WHAT TO DO:
Each line in the entries below that holds the string "Leaf" must be copied.

○ ○ ○

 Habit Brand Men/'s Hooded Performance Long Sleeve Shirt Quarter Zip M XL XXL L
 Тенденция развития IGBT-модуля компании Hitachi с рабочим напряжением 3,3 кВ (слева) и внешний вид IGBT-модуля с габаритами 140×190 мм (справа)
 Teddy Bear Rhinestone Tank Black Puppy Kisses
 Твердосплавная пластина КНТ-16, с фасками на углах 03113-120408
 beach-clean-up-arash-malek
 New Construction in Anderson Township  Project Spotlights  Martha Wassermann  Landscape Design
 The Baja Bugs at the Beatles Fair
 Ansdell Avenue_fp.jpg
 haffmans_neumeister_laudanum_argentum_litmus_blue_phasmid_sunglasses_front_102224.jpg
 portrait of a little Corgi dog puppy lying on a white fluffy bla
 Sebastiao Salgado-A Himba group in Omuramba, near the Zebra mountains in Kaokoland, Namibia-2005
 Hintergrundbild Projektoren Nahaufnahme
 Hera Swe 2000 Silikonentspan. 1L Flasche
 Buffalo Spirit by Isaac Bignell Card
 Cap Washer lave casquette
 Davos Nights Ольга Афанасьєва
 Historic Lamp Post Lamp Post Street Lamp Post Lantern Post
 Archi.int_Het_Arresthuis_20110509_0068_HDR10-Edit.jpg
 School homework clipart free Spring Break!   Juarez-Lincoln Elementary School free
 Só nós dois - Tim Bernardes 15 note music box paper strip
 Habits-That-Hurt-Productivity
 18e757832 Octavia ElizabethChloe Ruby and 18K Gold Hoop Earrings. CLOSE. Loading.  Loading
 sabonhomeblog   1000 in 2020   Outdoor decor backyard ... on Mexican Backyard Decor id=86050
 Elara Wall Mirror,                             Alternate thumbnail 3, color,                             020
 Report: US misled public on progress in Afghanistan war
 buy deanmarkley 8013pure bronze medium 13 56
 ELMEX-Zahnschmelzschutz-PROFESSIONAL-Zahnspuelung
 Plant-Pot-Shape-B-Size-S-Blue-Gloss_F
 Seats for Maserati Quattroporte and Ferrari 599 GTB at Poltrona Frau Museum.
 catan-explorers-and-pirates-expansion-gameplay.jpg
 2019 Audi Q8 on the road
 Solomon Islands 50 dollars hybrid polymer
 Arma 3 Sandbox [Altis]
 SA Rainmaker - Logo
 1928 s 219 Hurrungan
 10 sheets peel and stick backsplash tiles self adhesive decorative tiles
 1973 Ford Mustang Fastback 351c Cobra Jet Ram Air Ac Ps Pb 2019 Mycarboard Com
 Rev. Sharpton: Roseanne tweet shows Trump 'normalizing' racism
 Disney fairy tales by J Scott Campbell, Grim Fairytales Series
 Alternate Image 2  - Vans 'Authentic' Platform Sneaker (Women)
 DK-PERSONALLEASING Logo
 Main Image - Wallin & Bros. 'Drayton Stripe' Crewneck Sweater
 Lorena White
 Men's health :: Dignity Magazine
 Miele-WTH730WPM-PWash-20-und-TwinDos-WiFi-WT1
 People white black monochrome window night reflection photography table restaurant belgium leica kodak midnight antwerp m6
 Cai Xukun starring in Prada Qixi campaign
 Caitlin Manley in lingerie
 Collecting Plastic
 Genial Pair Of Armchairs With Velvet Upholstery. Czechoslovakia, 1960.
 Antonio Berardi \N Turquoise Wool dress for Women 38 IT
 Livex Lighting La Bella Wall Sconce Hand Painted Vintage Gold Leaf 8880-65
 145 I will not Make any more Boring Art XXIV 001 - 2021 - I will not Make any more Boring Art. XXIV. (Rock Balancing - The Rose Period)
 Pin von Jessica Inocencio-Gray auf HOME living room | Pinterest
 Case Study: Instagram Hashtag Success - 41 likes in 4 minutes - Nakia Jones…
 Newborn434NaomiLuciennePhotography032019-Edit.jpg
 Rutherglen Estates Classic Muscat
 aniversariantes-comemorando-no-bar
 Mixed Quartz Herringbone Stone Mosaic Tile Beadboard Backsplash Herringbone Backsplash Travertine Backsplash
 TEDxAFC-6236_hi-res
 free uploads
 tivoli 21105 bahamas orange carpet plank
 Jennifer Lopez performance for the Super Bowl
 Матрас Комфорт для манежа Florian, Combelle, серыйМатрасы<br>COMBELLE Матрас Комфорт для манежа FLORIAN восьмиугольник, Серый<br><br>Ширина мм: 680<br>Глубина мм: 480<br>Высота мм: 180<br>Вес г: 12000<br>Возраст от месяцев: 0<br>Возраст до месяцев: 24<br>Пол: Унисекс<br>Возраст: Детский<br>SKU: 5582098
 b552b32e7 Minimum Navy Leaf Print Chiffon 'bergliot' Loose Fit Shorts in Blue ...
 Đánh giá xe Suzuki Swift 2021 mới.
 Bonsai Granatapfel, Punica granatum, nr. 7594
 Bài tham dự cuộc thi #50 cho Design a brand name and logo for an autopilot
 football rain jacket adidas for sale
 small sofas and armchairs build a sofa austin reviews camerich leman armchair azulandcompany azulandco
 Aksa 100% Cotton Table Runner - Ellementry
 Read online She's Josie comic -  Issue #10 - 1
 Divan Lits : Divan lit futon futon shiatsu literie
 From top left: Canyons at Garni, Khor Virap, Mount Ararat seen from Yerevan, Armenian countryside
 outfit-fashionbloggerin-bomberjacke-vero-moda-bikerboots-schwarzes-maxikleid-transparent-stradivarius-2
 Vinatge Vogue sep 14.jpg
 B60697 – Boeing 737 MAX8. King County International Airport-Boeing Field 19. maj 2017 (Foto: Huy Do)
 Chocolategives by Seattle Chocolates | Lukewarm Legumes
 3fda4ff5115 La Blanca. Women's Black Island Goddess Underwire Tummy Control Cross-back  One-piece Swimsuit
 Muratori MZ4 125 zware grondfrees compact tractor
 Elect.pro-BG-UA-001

○ ○ ○

ANSWER TO THIS EXERCISE:
 Livex Lighting La Bella Wall Sconce Hand Painted Vintage Gold Leaf 8880-65
 b552b32e7 Minimum Navy Leaf Print Chiffon 'bergliot' Loose Fit Shorts in Blue ...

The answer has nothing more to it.